Task to complete: For this exercise, output the entries below exactly from the line that holds "The haunted castle" to the line that holds "The Longboat Key", both ends included. No pictures belong in the copy.

Input records:
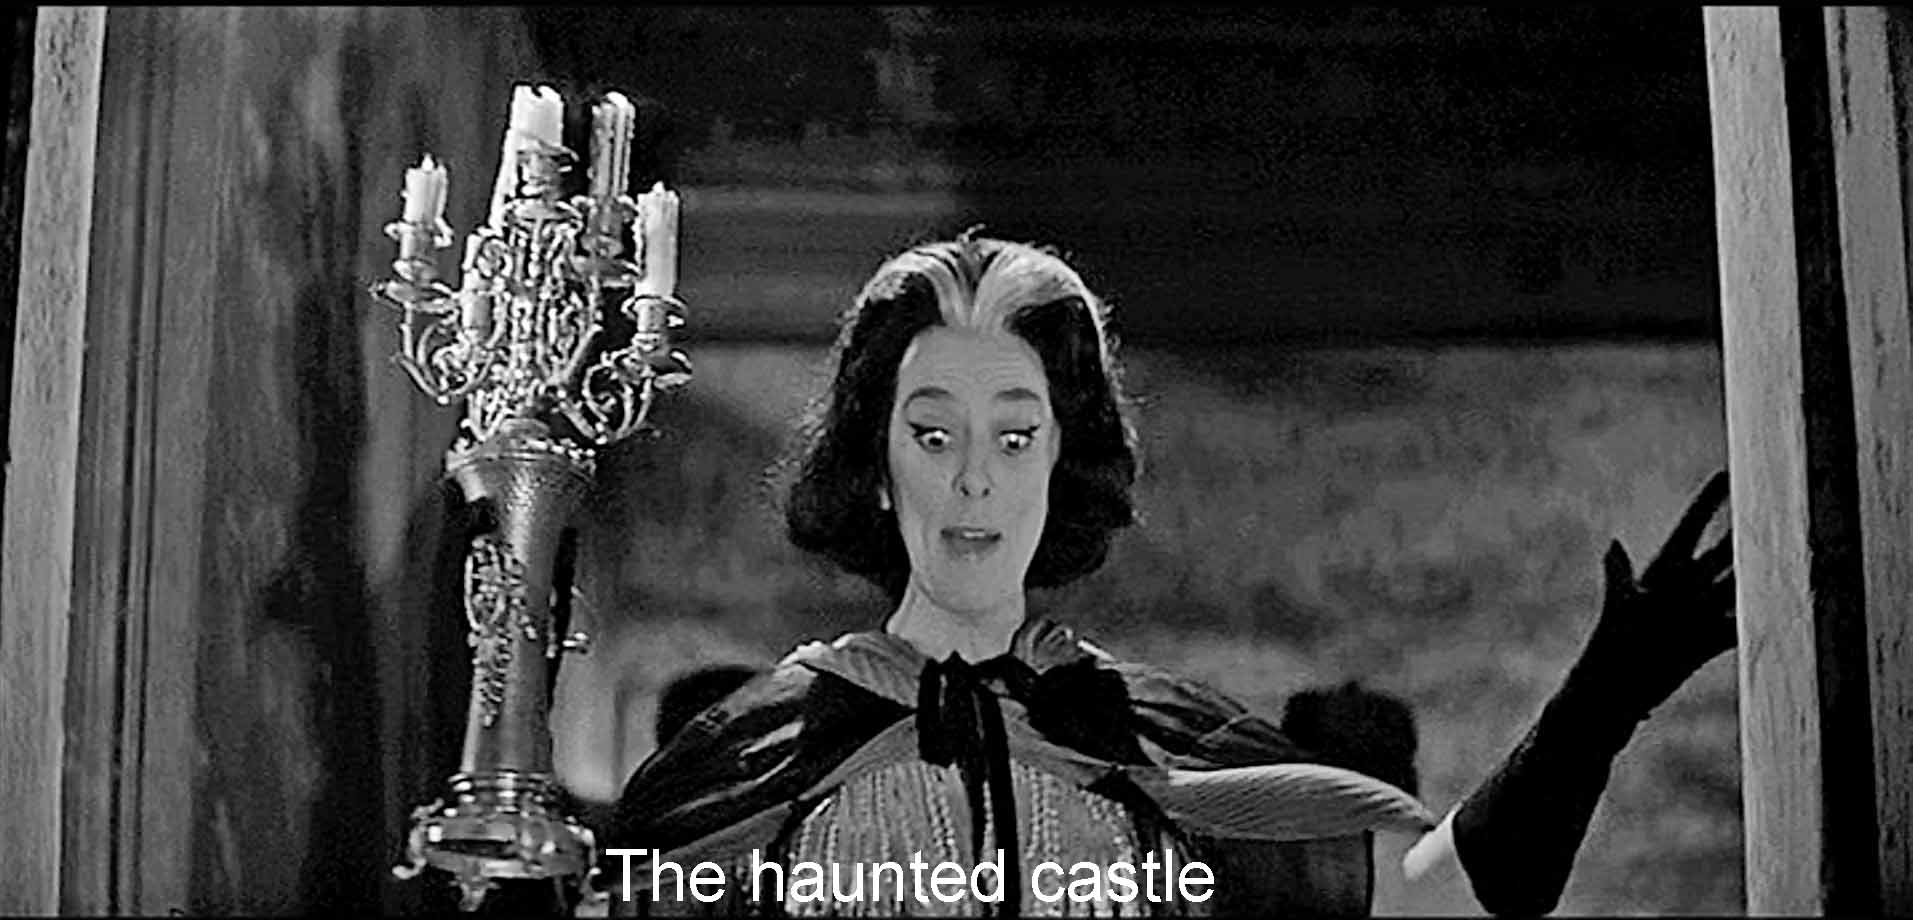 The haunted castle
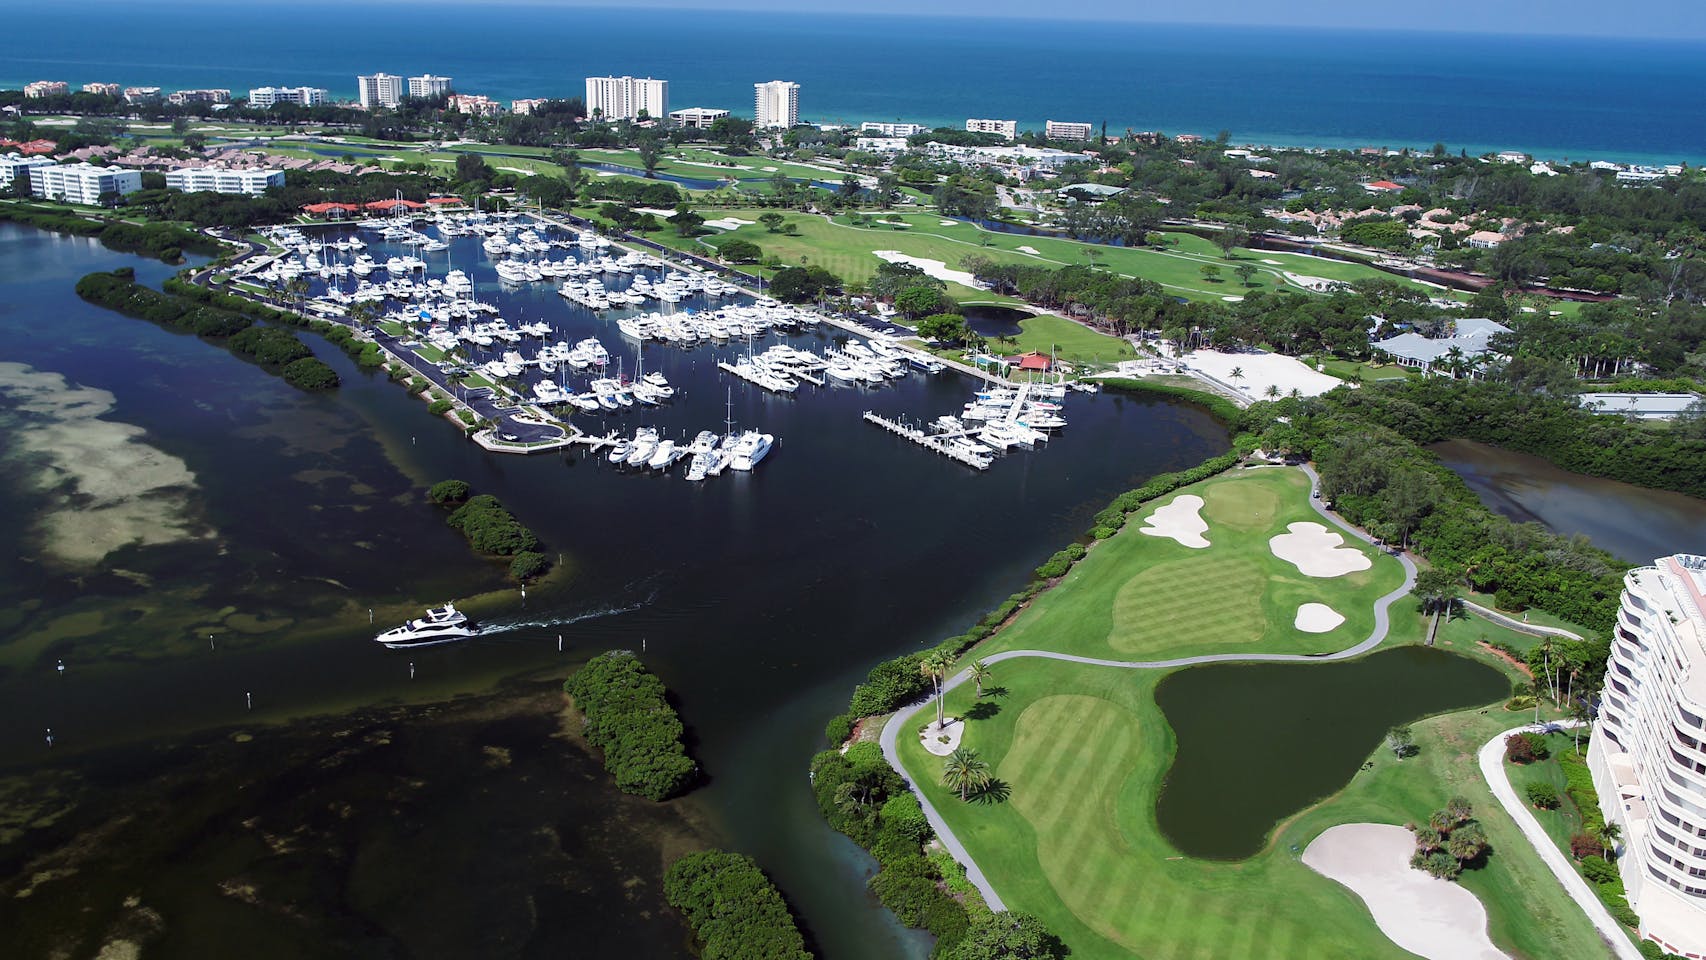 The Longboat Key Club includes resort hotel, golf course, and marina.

==

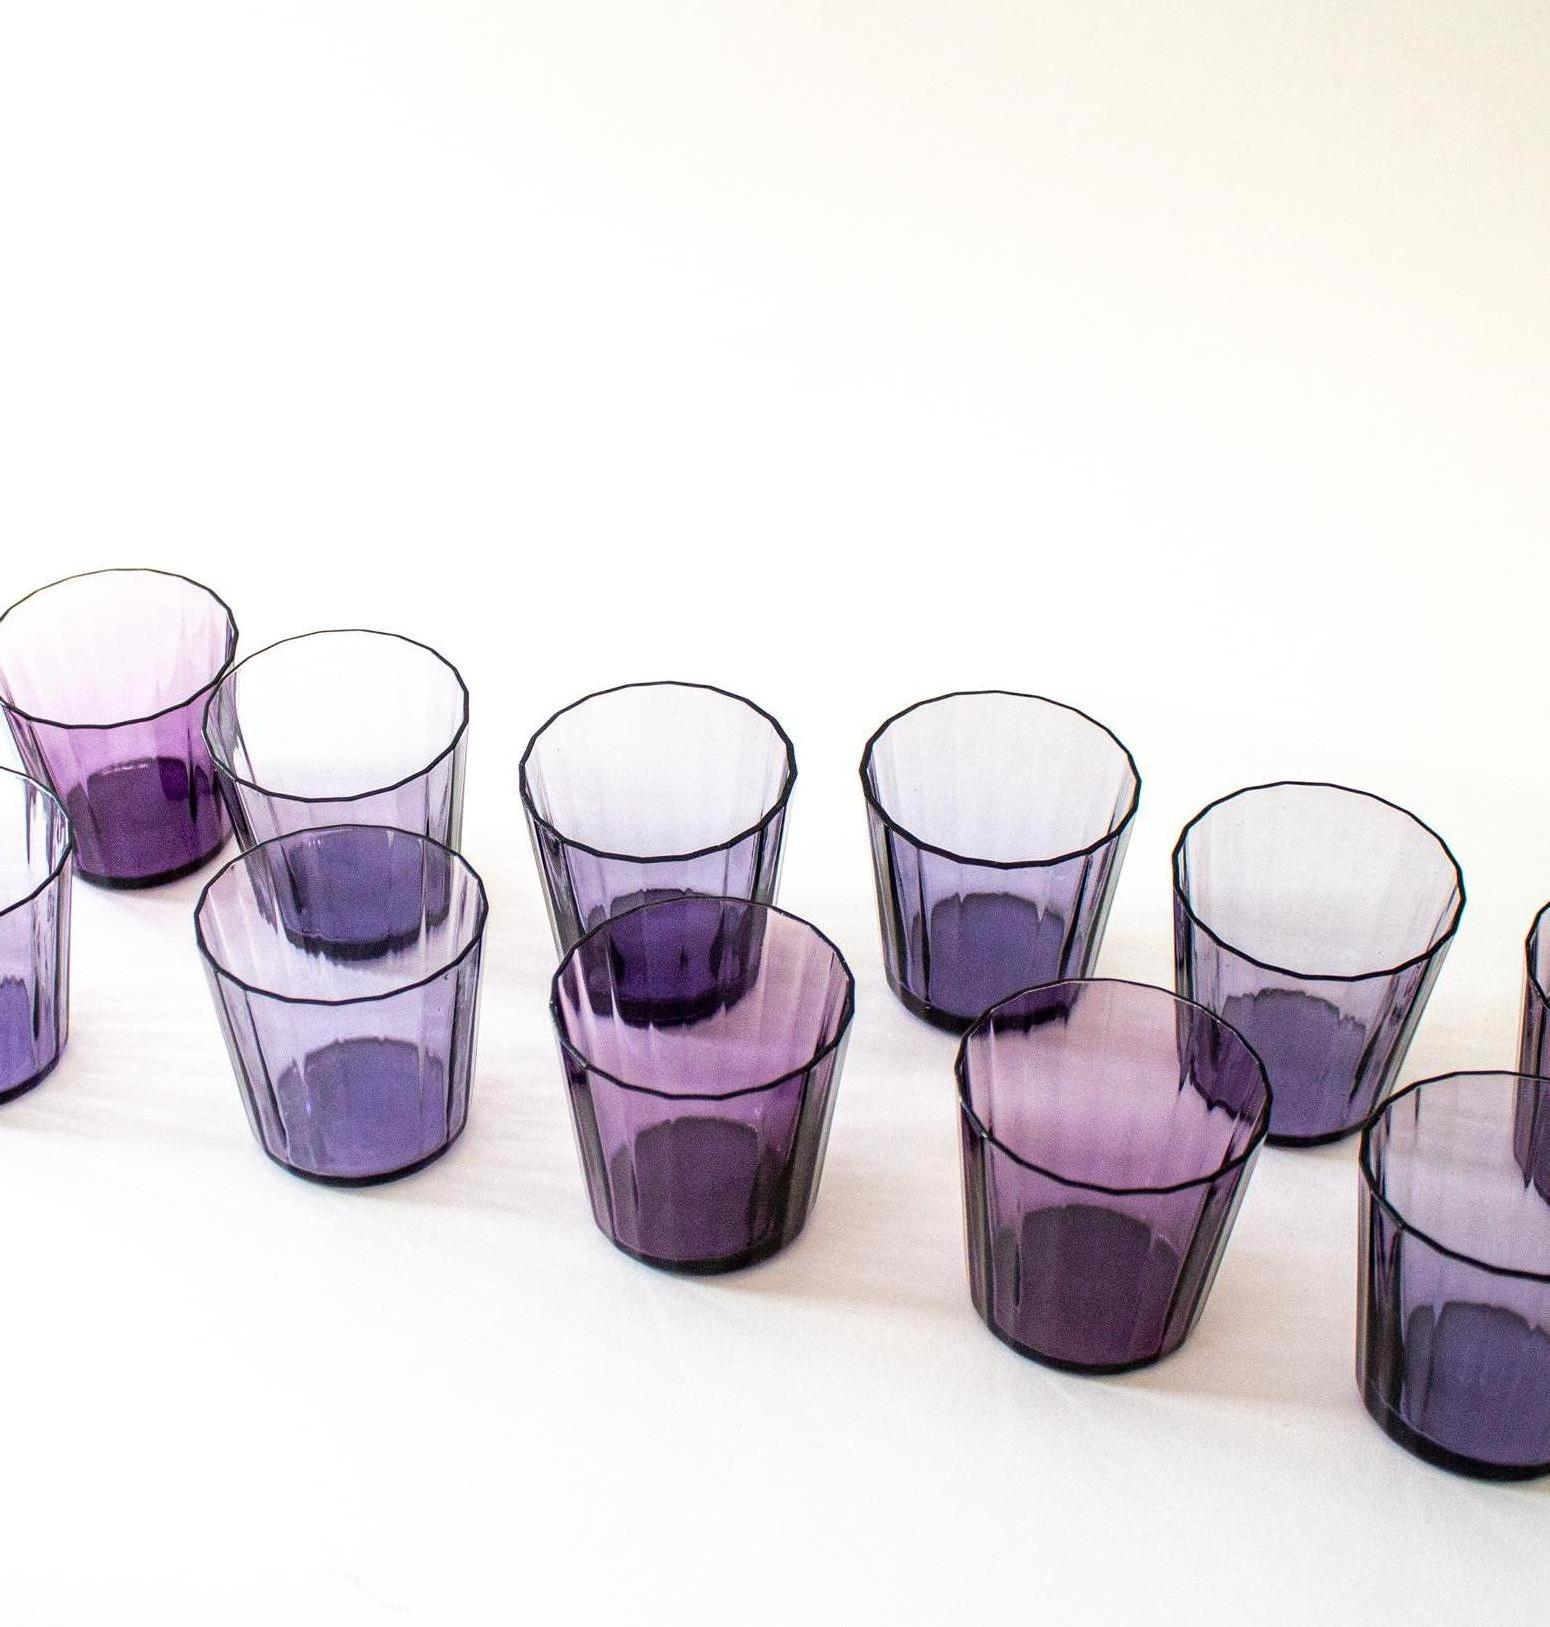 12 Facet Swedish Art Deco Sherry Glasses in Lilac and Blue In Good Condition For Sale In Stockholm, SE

...

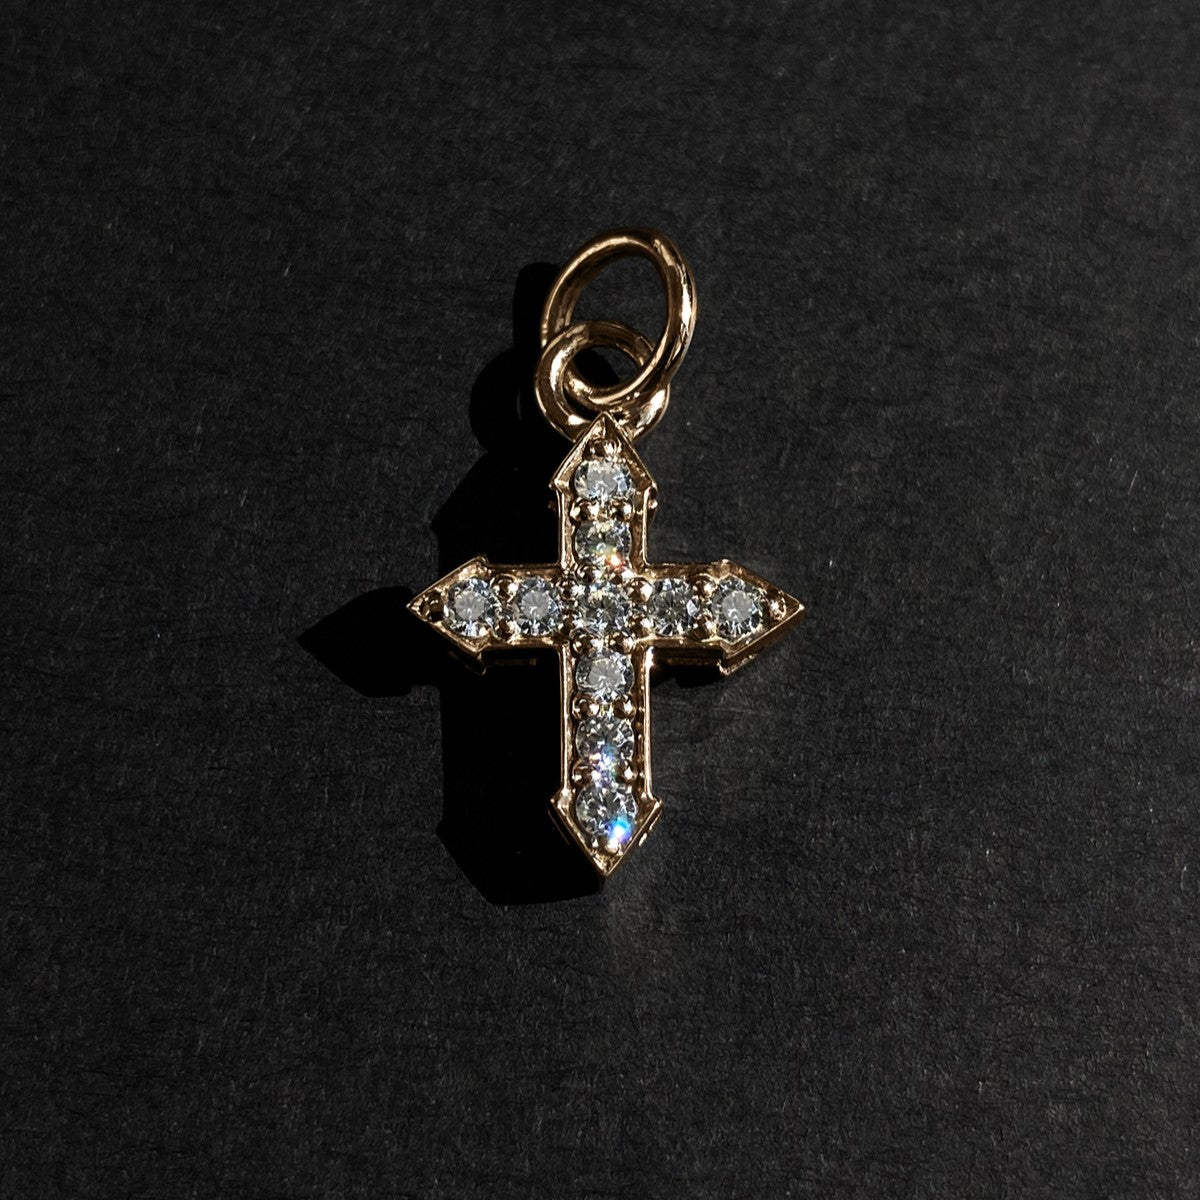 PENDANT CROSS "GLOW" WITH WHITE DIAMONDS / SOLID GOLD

Output below:
 The haunted castle
 The Longboat Key Club includes resort hotel, golf course, and marina.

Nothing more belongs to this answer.